Seems to me 8% is way high for a commission on raw land. 

I would suggest shopping around. I would think you might be able to find a realtor that would handle the listing for a lower fee.

Best to you!

Tim


----------



## oregon woodsmok (Dec 19, 2010)

8 % commission is a lot. Have you talked to several real estate agents. Just because you bought the house from that one doesn't mean you have to sell the house through him.


----------



## RonM (Jan 6, 2008)

Where are you located in Va and what is the hunting like there.?


----------



## Rocktown Gal (Feb 19, 2008)

Where in Virginia is the property located?


----------



## cortinacreek (Jun 1, 2011)

I'm a real estate agent in CA and have been for many years...8% commission in a HOT market is an oddity...in this kind of market: unheard of. The value of a property is not set by the Seller it is set by what a Buyer is willing to pay. You need an agent to let you know what your property will sell for. They only make money if it sells...not if it sits on the market. You need to be honest and realistic...if your property was valued at $130,000 less than 7 years ago, it is not worth more now...sorry, but that's the market right now, your land is most likely worth less...much less. Lenders are not *giving away* money...it's not that easy to buy a house. You have to have EXCELLENT credit, an EXCELLENT job and EXCELLENT job history...not much of that going around. Gosh I sound like a Debbie Downer...but there are so many forclosed properties available in the US...no one needs to pay much for their dream property if they have the money and/or the credit...


----------



## nancy237 (May 29, 2008)

The realtor told me 10 % was the standard raw land commission but he would give me 8 %. I told him I thought land commision would be less than house commision and he said it was more because of the time it takes to show.
I am so glad learn that I need to check around about that. I usually double check stuff but I just figured it was standard like the house % is.

I may just advertise for 6 months in as many free places as i can find.

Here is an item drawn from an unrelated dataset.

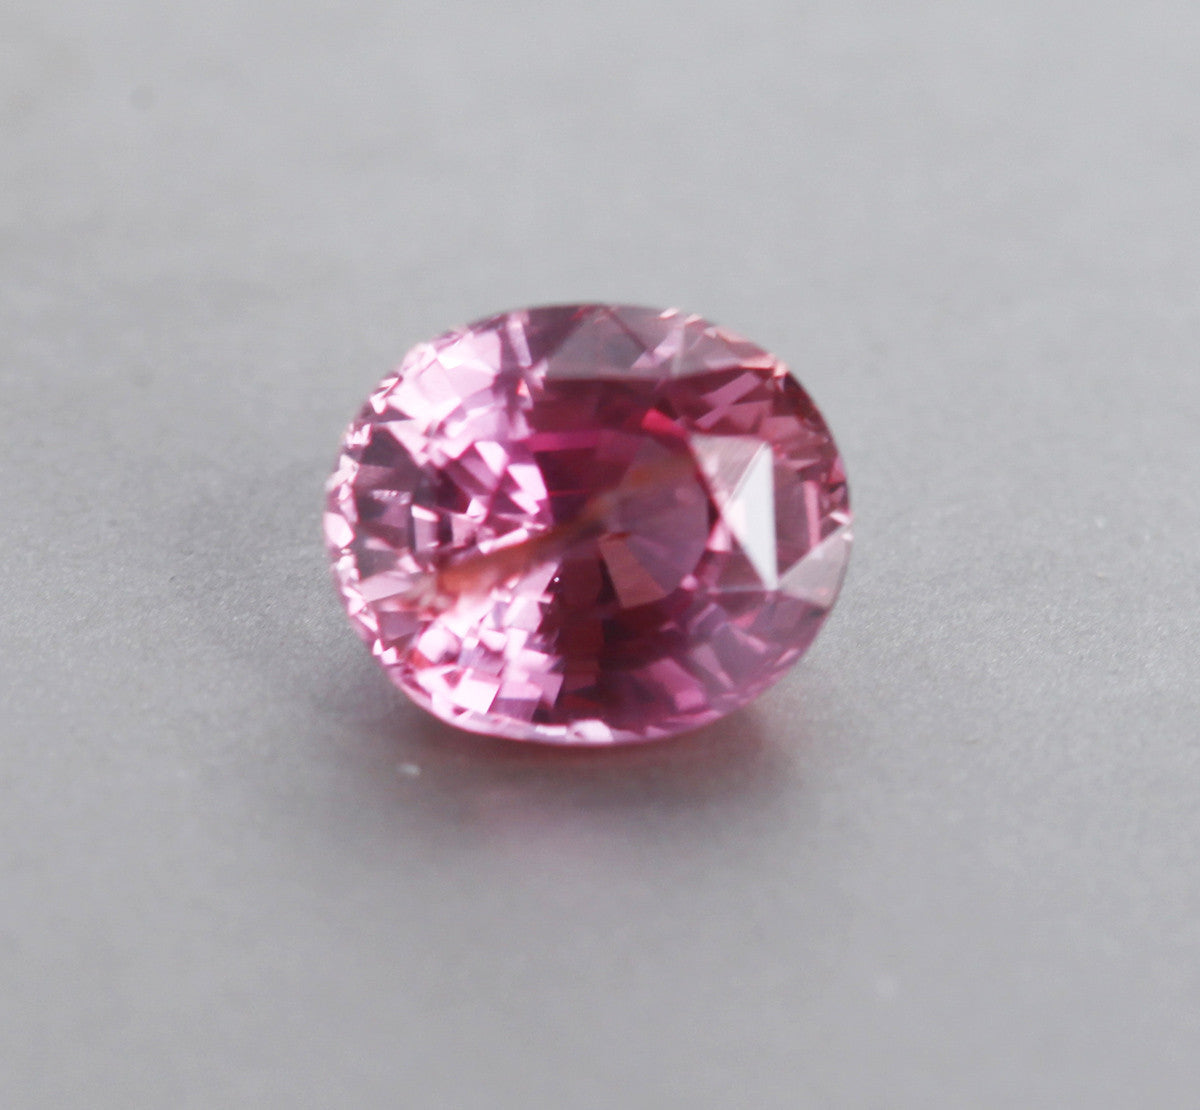 Loose oval-shaped orange pink sapphire

The land is 10 minutes above Chase City, 30 minutes below Farmville,
about 30 minutes from Kerr Lake. Its sits right at the headwaters of Meherrin River.

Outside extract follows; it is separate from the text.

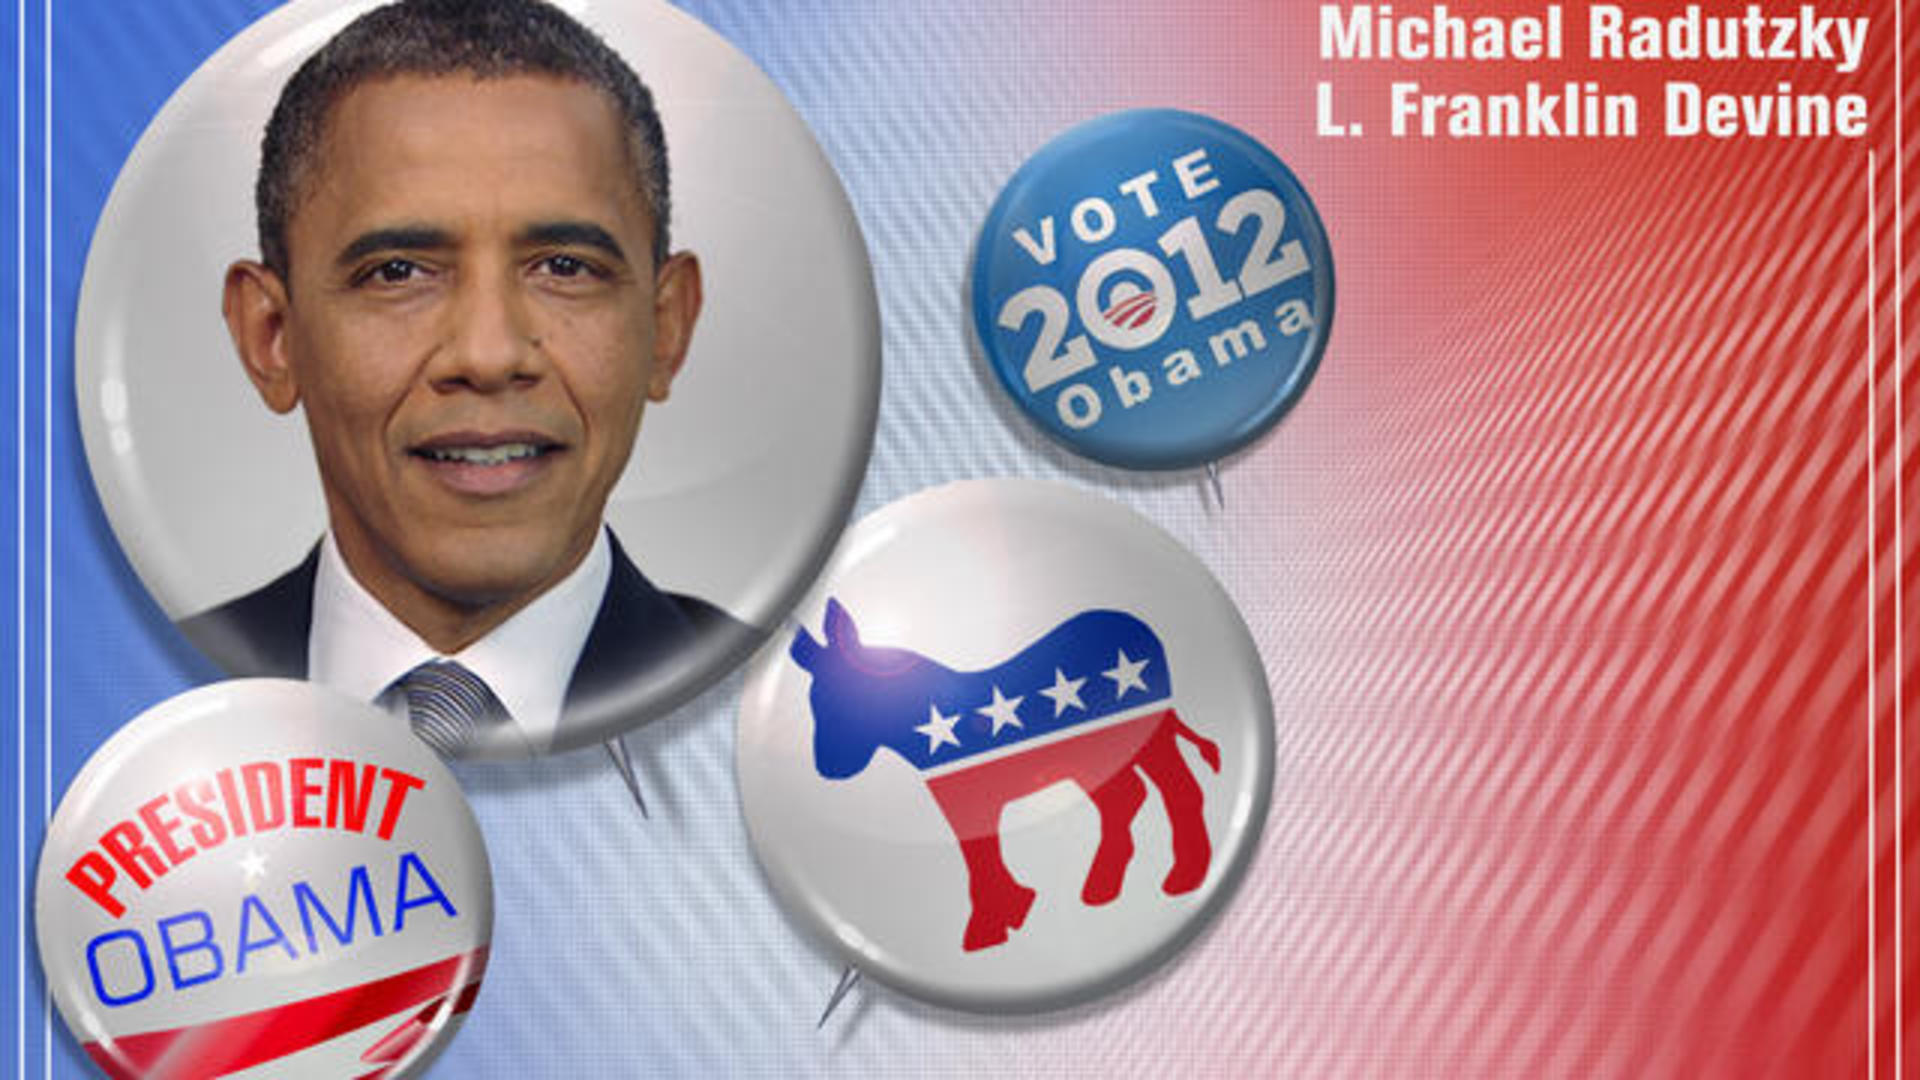 Barack Obama political campaign button pin 2012 Grateful Dead Dead Heads

Lots of Deer, Turkey, Quail. Bear have been seen at the adjoining property.

Thanks for the input. I really miss discussing things like this with my hubby.


----------



## cortinacreek (Jun 1, 2011)

Land commission is different...here in Northern California it's 8. I sold lots of farm land and most of the agents around here got 6...I had developer contacts and a hard fought good reputation so I charged more. It's tough in the industry now and I've semi-retired and just take care of the garden, manage a Farmers Market and I'm a substitute school cook...funny how the economy changes things. I'm not complaining...my husband farms and we are more than comfortable. But I must say...a few years ago the real estate business in my neck of the woods was on fire. Please find an agent you trust and don't try to do this on your own. With land deals you have wells, septics, zoning, mineral/water rights, and perculation issues...it's best to leave it up to the experts...be strong and make your agent earn their commission ask questions and don't allow anyone to *blow* you off. There were many times I was out in the field digging leach lines or septics out...locating buried oil tanks...paying for surveys..get the picture...too much for one person. Usually you need an "old-timer" that's been in the business forever...I was lucky I married into a family that settled in the area during the Gold Rush...they knew and were related to everybody.


----------



## nancy237 (May 29, 2008)

Cortina..what about raw land.
No wells, septic..

One perk spot.

When we bought it other than having an attorney do the closing it was 
very simple.. Good survey was done last year.


----------



## cortinacreek (Jun 1, 2011)

If you feel confident you can handle your transactions then go for it. Sometimes *professional* buyers can be a pain and it's easier to have an agent deal with them. But, you could go ahead and give it a few months on your own and if it doesn't work out get yourself an agent. I still wouldn't pay more than 8% for a commission. Dig out the paperwork from your purchase and use that as a template. You should advertise on every homesteading/back to the land site you can find. Good luck. You'll do fine.


----------



## Pony (Jan 6, 2003)

I agree that 8% commission in this market is darned near obscene.

That said, the price for raw land around here (in a depressed rural area) is actually going UP because of investors looking for a commodity that won't lose value. Raw land is the big money maker: They ain't makin' any more of it, there are lots of yuppie "hunters" who will pay ridiculous amounts of money to hunt, etc.

Cover your rear end, make sure you have an established, experienced real estate attorney in your corner for you. 

Don't feel pressured to sell. Sometimes, it's best to sit on a "bird in the hand" when the markets are iffy.


----------



## cortinacreek (Jun 1, 2011)

Pony said:


> I agree that 8% commission in this market is darned near obscene.
> 
> That said, the price for raw land around here (in a depressed rural area) is actually going UP because of investors looking for a commodity that won't lose value. Raw land is the big money maker: They ain't makin' any more of it, there are lots of yuppie "hunters" who will pay ridiculous amounts of money to hunt, etc.
> 
> ...


I agree 100%!


----------



## mountainwmn (Sep 11, 2009)

Over here houses are 6% commission, raw land is 10%. You can usually get your realtor to list it for less, but then other realtors are reluctant to show it. It's all about the money for them and in our area land is sitting and sitting. I sold my property for about half of what it was appraised at 4 years ago. I prefer to use a realtor, but I have used the same one for years and I like to work with her. It's worth my peace of mind to pay her a commission...and she works hard for me. It doesn't hurt to list it yourself, unless you're in a hurry, but I think you may have a hard time selling it for that much more than you paid for it a year ago. But pricing it is part of what the realtor should be doing for you.


----------



## francismilker (Jan 12, 2006)

I'm so sorry for your loss and even more so that some real estate agent is trying to take advantage of you. I just called a friend to double check before I done the typing, and she said average is 6% and it doesn't vary much state by state for raw land.


----------